Тревога, тлевшая весь день где-то на задворках сознания, вспыхнула с новой силой.
Что-то было не так.
Очень не так.
– Профессор, – начала я, переступая порог, – простите за беспокойство, но мне больше не к кому обратиться...
Слова застряли у меня в горле. То, что я увидела, не укладывалось в голове, не желало складываться в осмысленную картину.
Сначала в нос ударил запах свежескошенной травы – слишком резкий, слишком интенсивный, с горьковатой ноткой, которая заставила мои глаза наполниться слезами.
Профессора я не увидела...
Лишь большая куча из листьев, лепестков, побегов, срезанных ветвей и отростков, на которой сидел парень.
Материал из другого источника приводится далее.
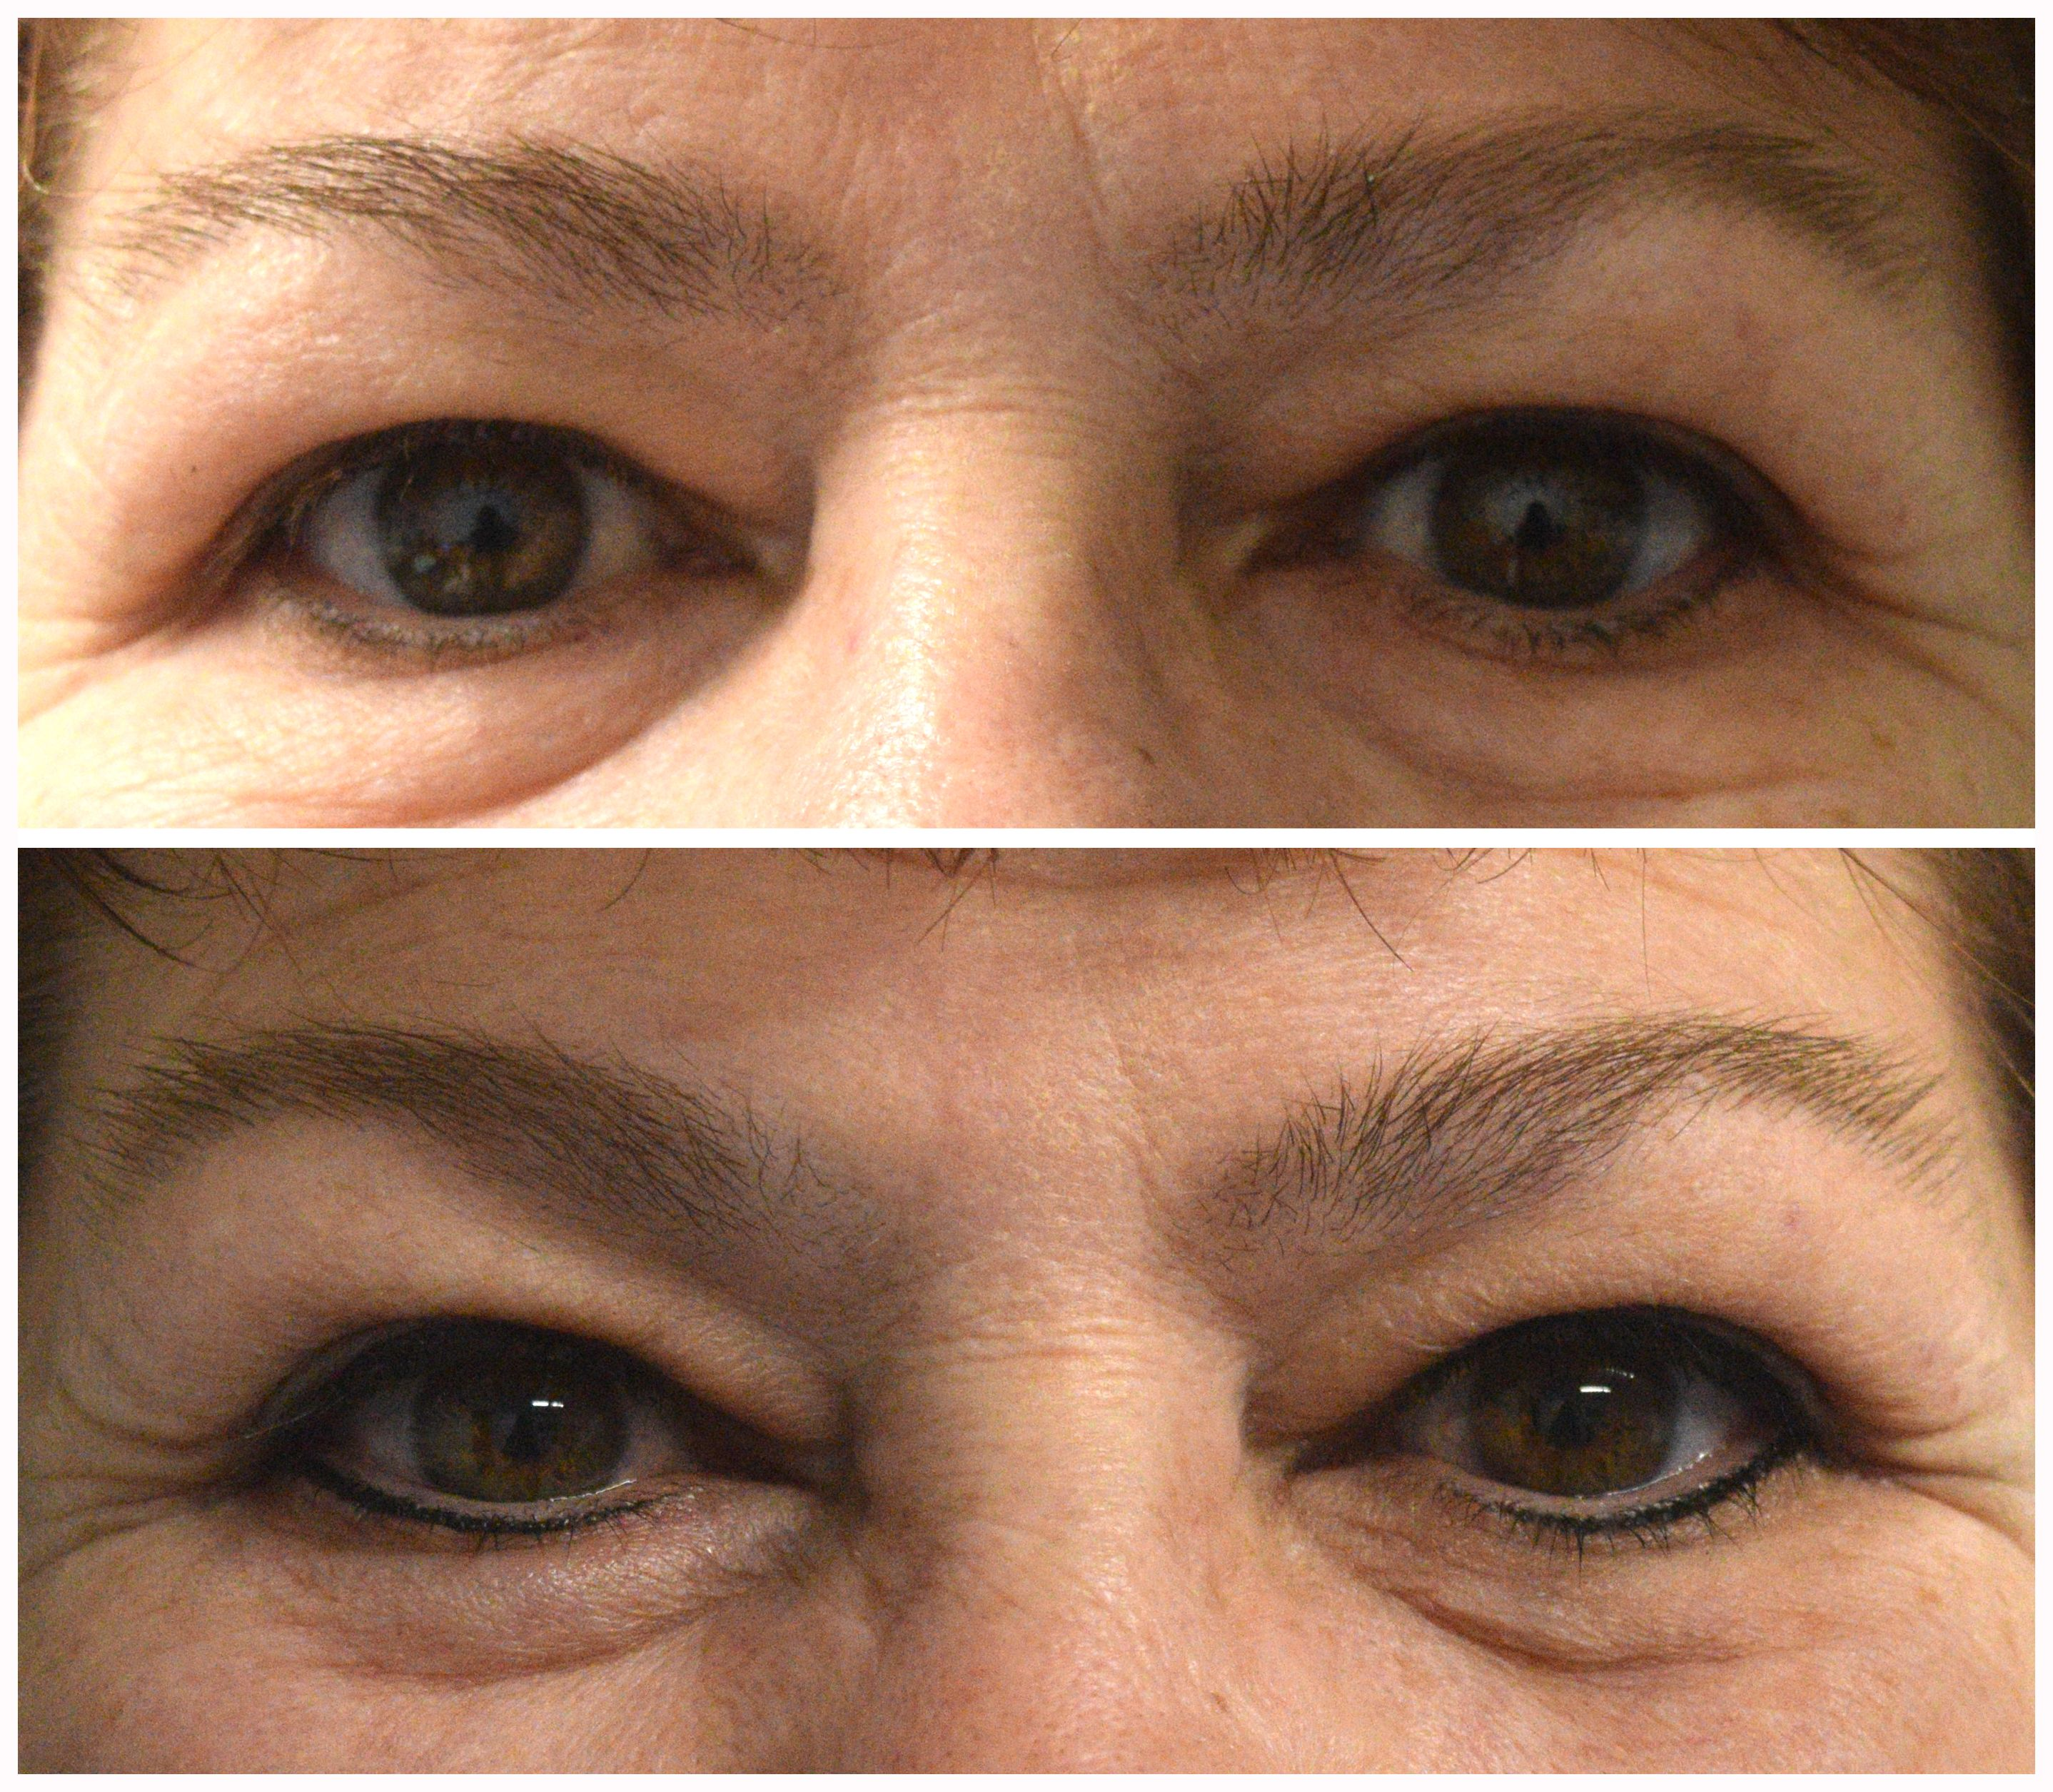 Upper & Lower SemiPermanent Eyeliner Cosmetic solution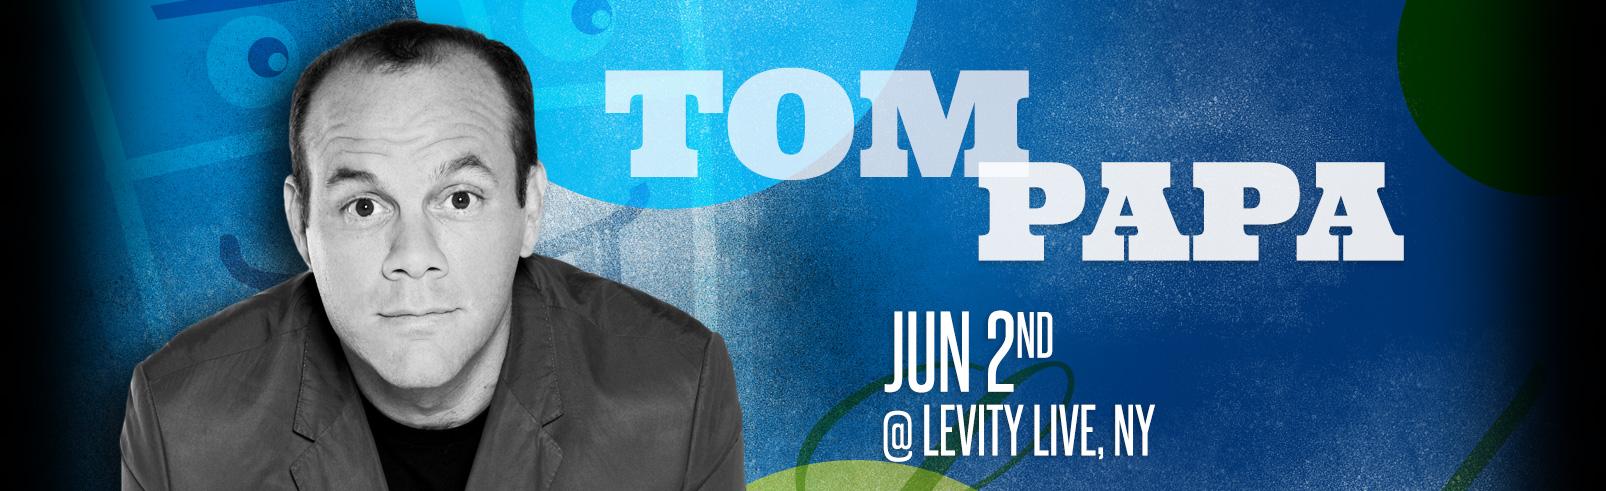 Tom Papa @ Levity Live

Он, казалось, меня даже не заметил. Сидел, сгорбившись, на куче растительного мусора, глядя на свои руки, которые были запачканы густым зелёным соком.
Лицо его было мне смутно знакомо. А вот необычную серёжку в форме птички я узнала. Я видела его на пороге кабинета Стебля в свой первый визит.
Его губы тряслись, а взгляд был устремлён в пустоту. Рядом с ним валялся нож с длинным зазубренным лезвием, покрытым тем же зелёным веществом.
– Что случилось? Где, где профессор? – выкрикнула я, чувствуя, как холодеет всё внутри.
Парень наконец-то обратил на меня внимание. Его глаза, расширенные от шока, остановились на мне, но взгляд оставался странно расфокусированным, словно он смотрел сквозь меня.
– Это не я! Не я! Я его не убивал! – выпалил он, слова вылетали из его рта, спотыкаясь друг о друга. – Не я... Нет!
Я сделала шаг назад.
Убивал? Слово эхом отдалось в моей голове, отказываясь обретать смысл. Убивать можно живое существо, человека. Но как можно убить растение? Пусть даже разумное?
Но внезапно до меня дошло. Эта куча растительного материала... эти обрубленные ветви, эти надорванные листья... Это был не мусор.
Нет.
Это был он. Профессор Стебель. Или, скорее, то, что от него осталось.
Среди срезанных ветвей я заметила один из его глаз-бутонов – некогда переливающийся всеми оттенками лазури, теперь безжизненно тусклый.
Я осторожно подняла его, чувствуя, как слёзы застилают глаза. Бутон был тёплым на ощупь, но с каждой секундой становился холоднее, словно последние крупицы жизни покидали его.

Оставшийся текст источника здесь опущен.